RECORD SET »
►

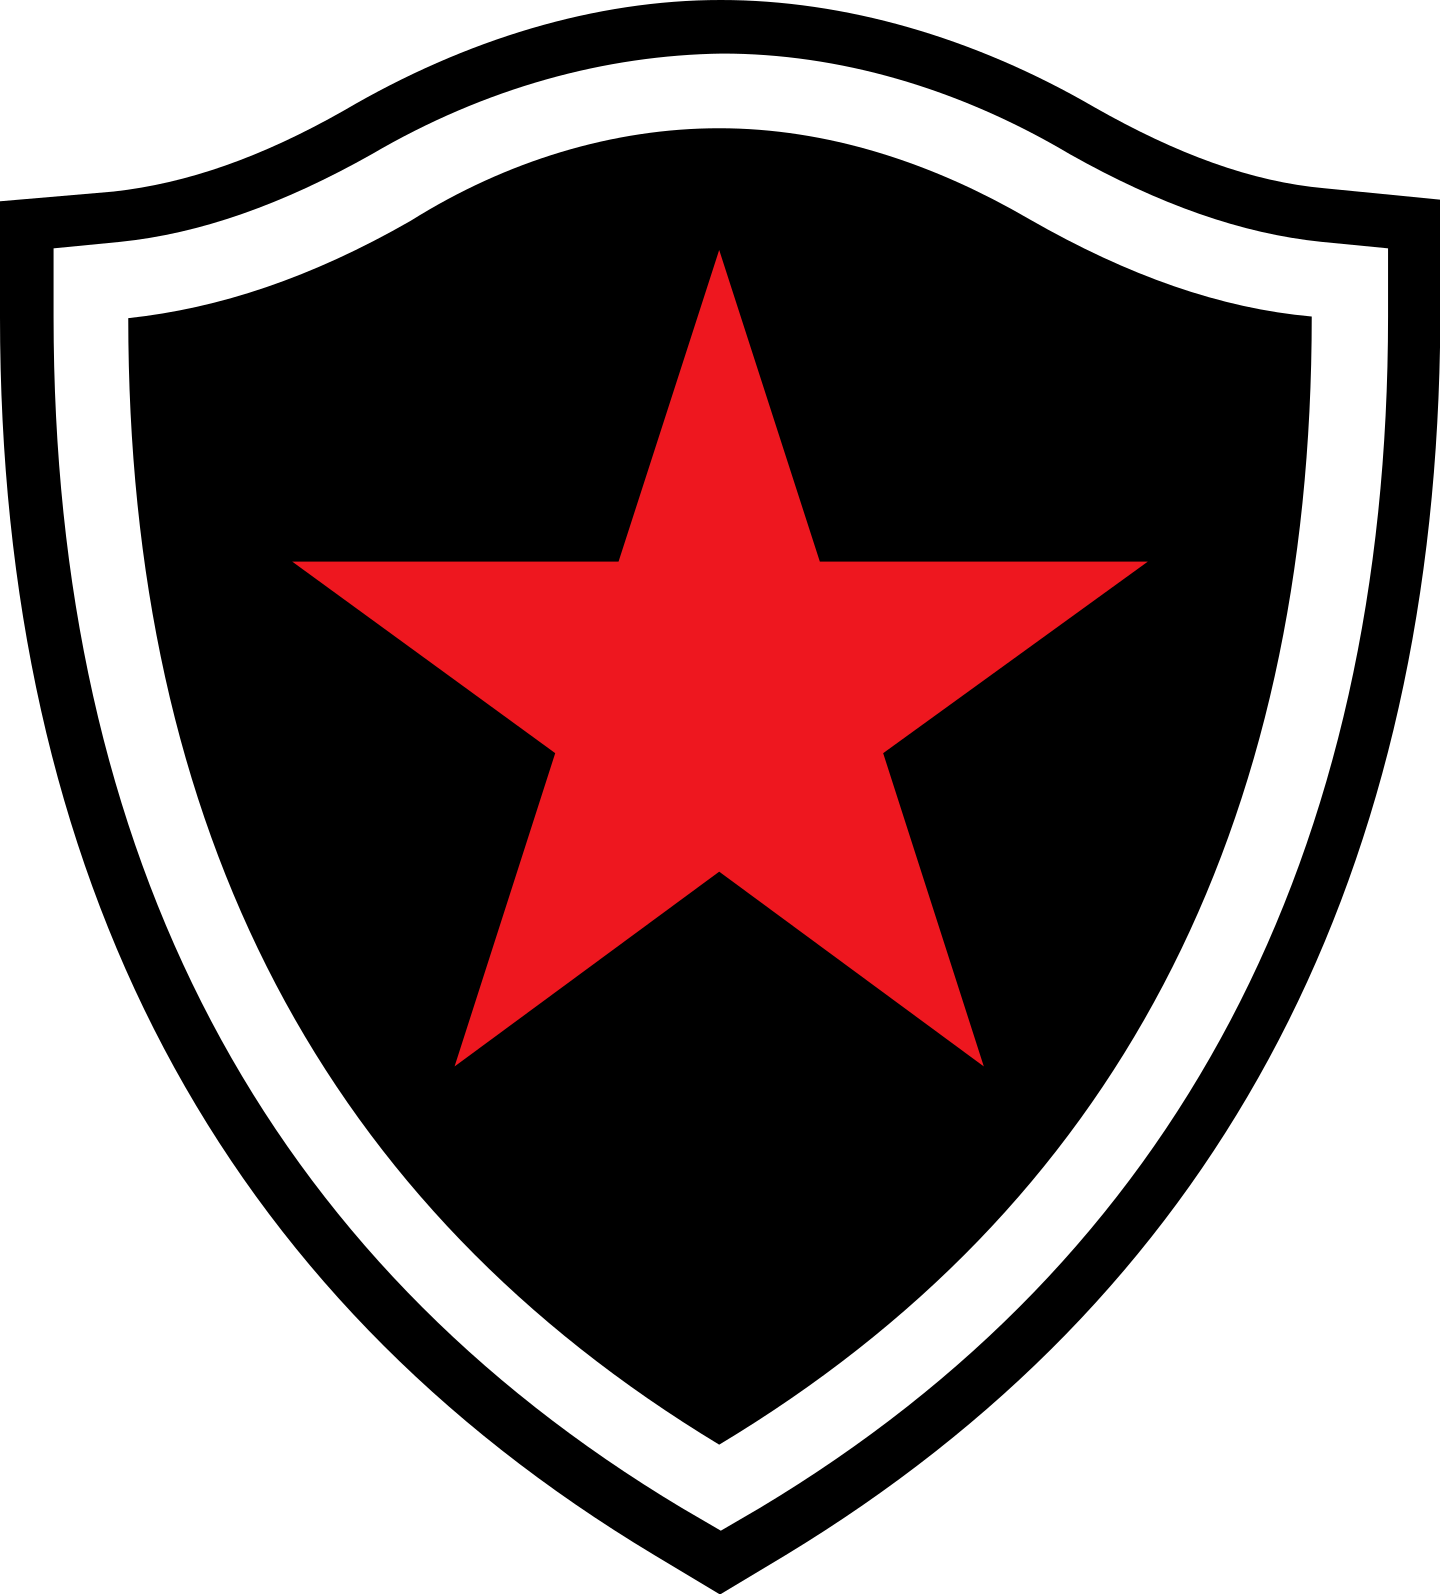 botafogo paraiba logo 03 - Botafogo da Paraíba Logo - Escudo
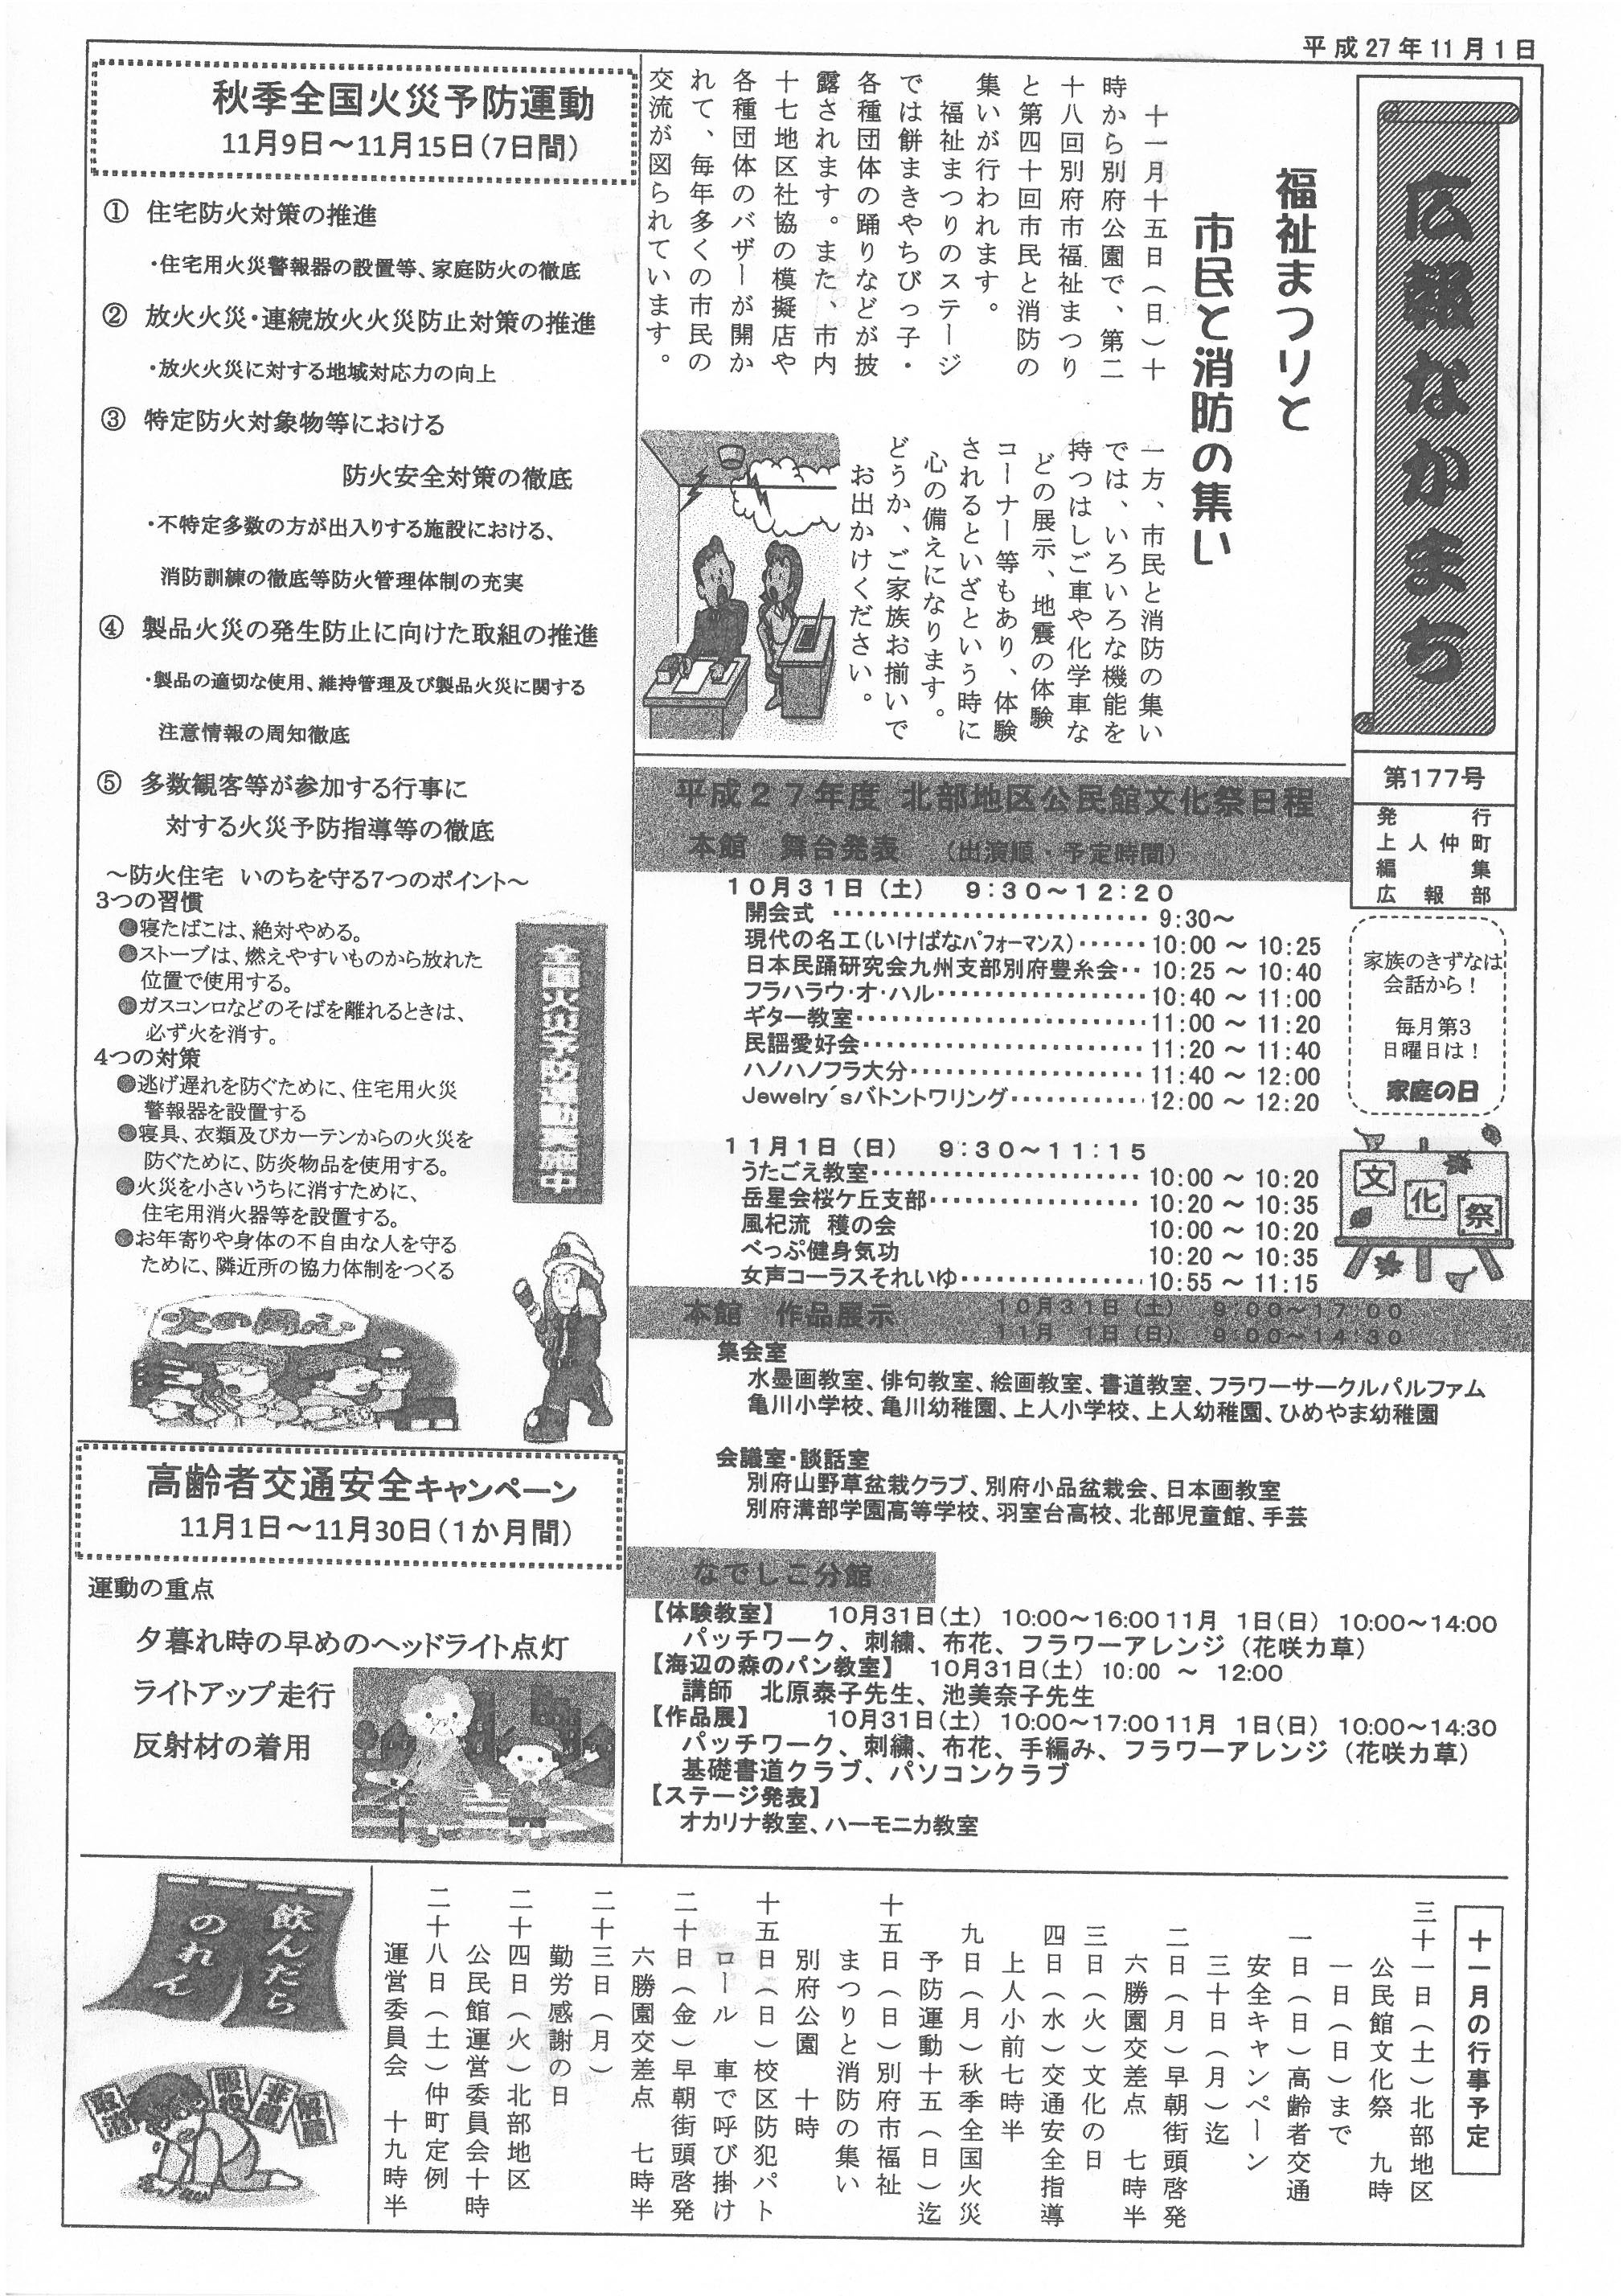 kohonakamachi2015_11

◄
►

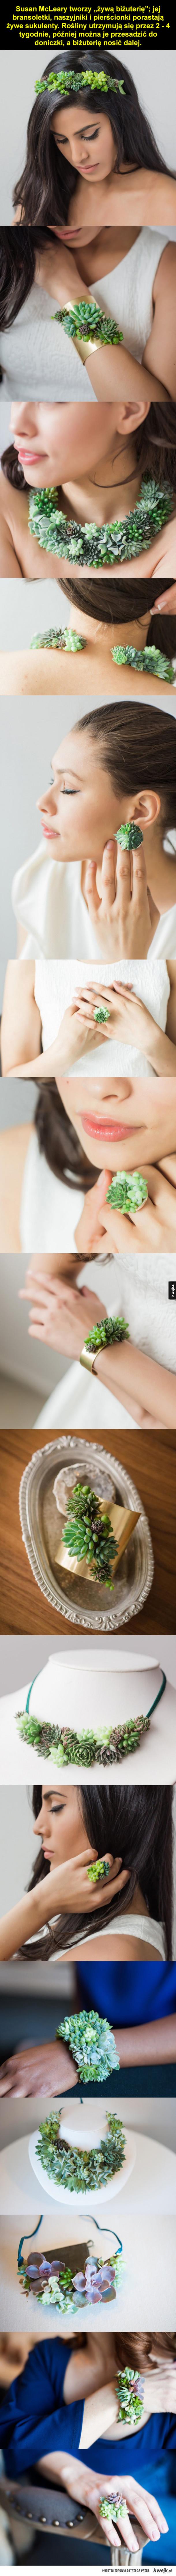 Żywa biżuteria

◄
►

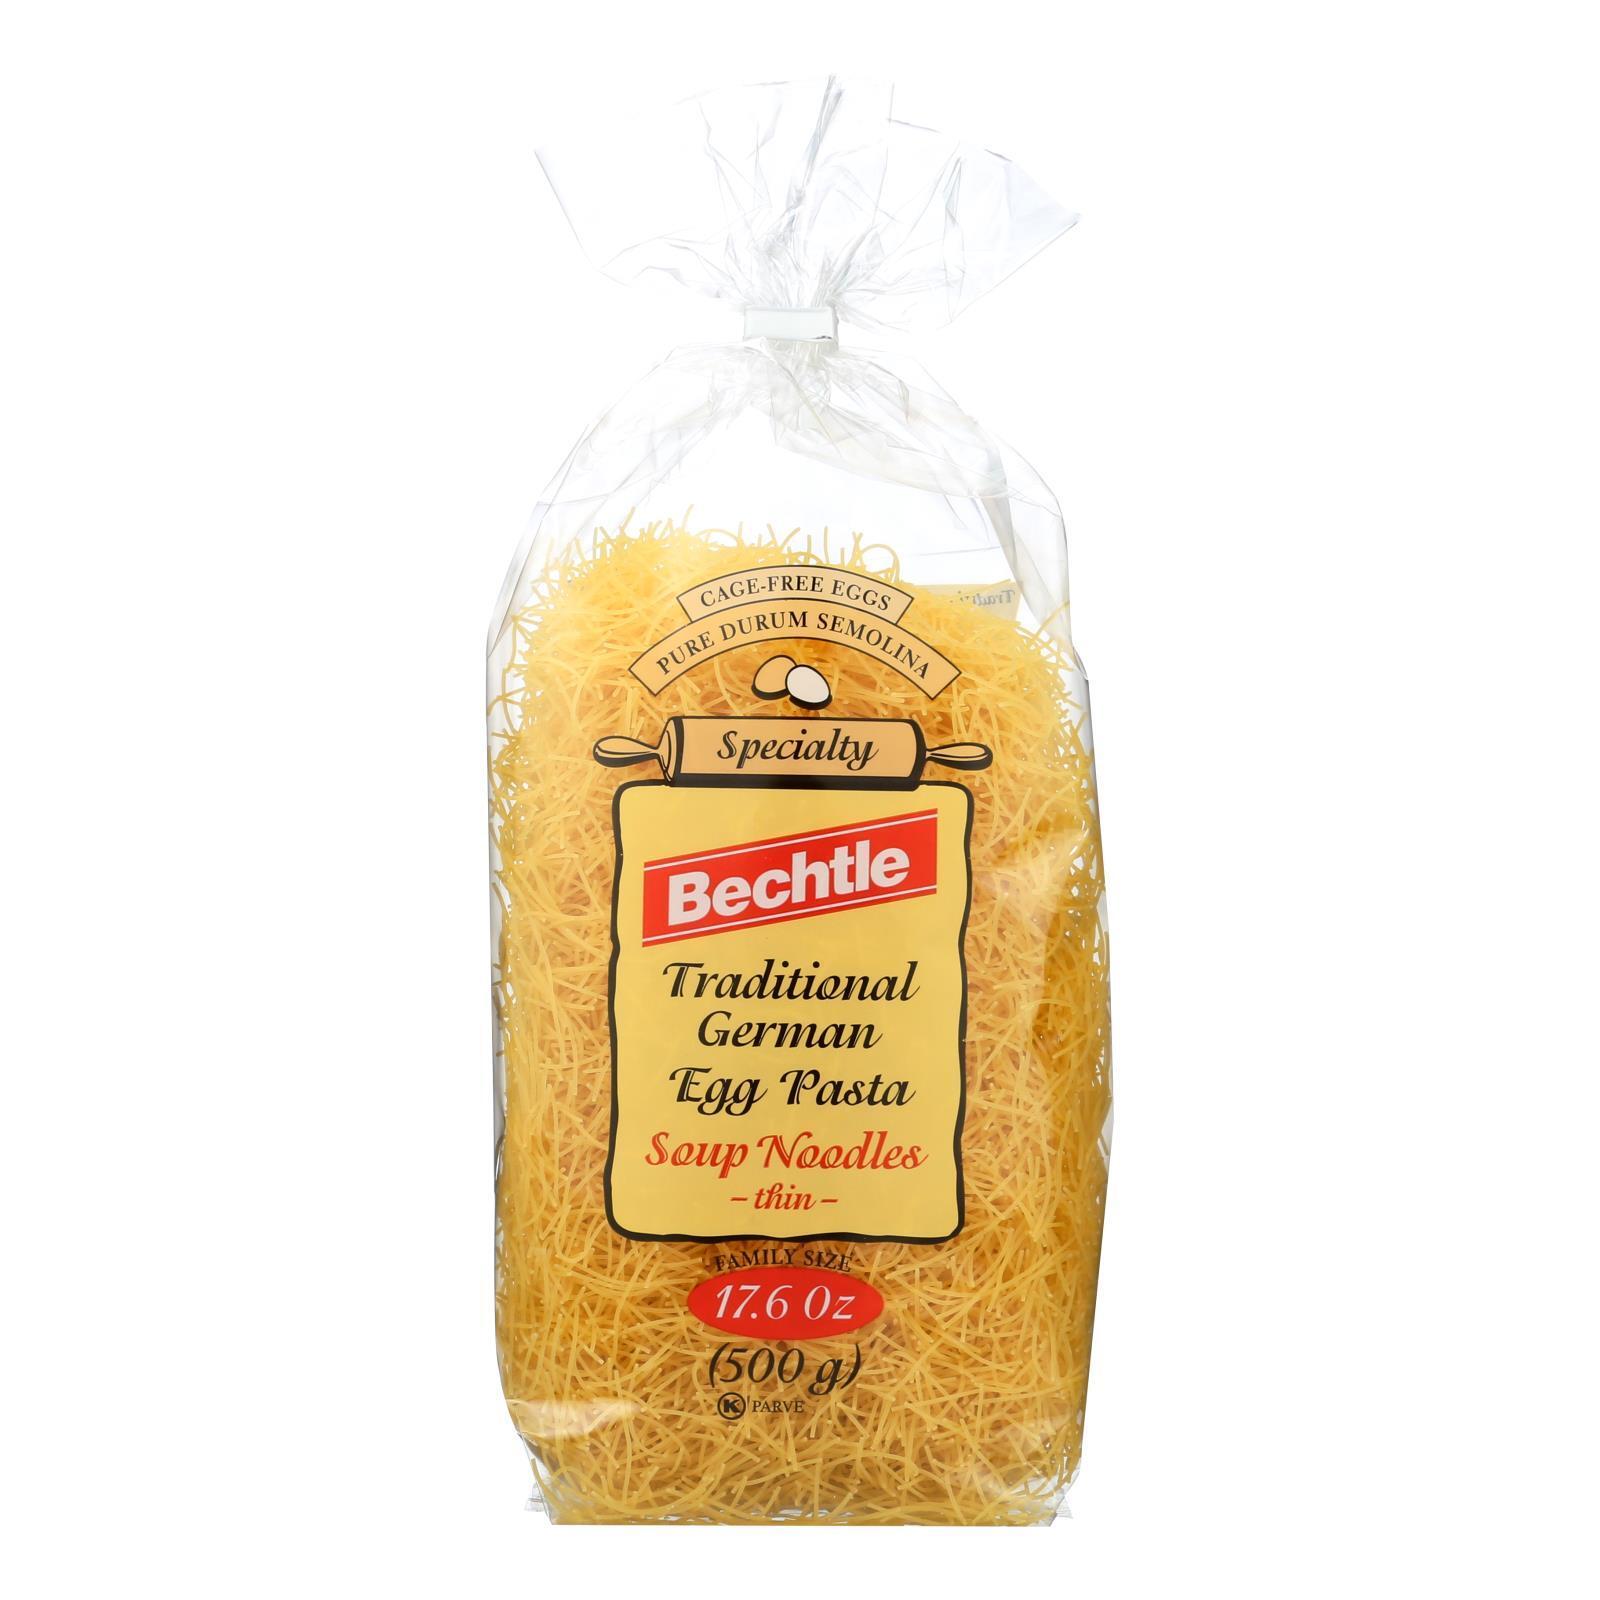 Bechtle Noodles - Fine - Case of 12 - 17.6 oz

◄

WHAT TO WORK ON »
Transcribe, from the material above, the stretch starting at the line with "botafogo paraiba logo" and ending at the line with "kohonakamachi2015_11", both included, exactly. Do not carry over pictures.

TASK RESPONSE »
 botafogo paraiba logo 03 - Botafogo da Paraíba Logo - Escudo
 kohonakamachi2015_11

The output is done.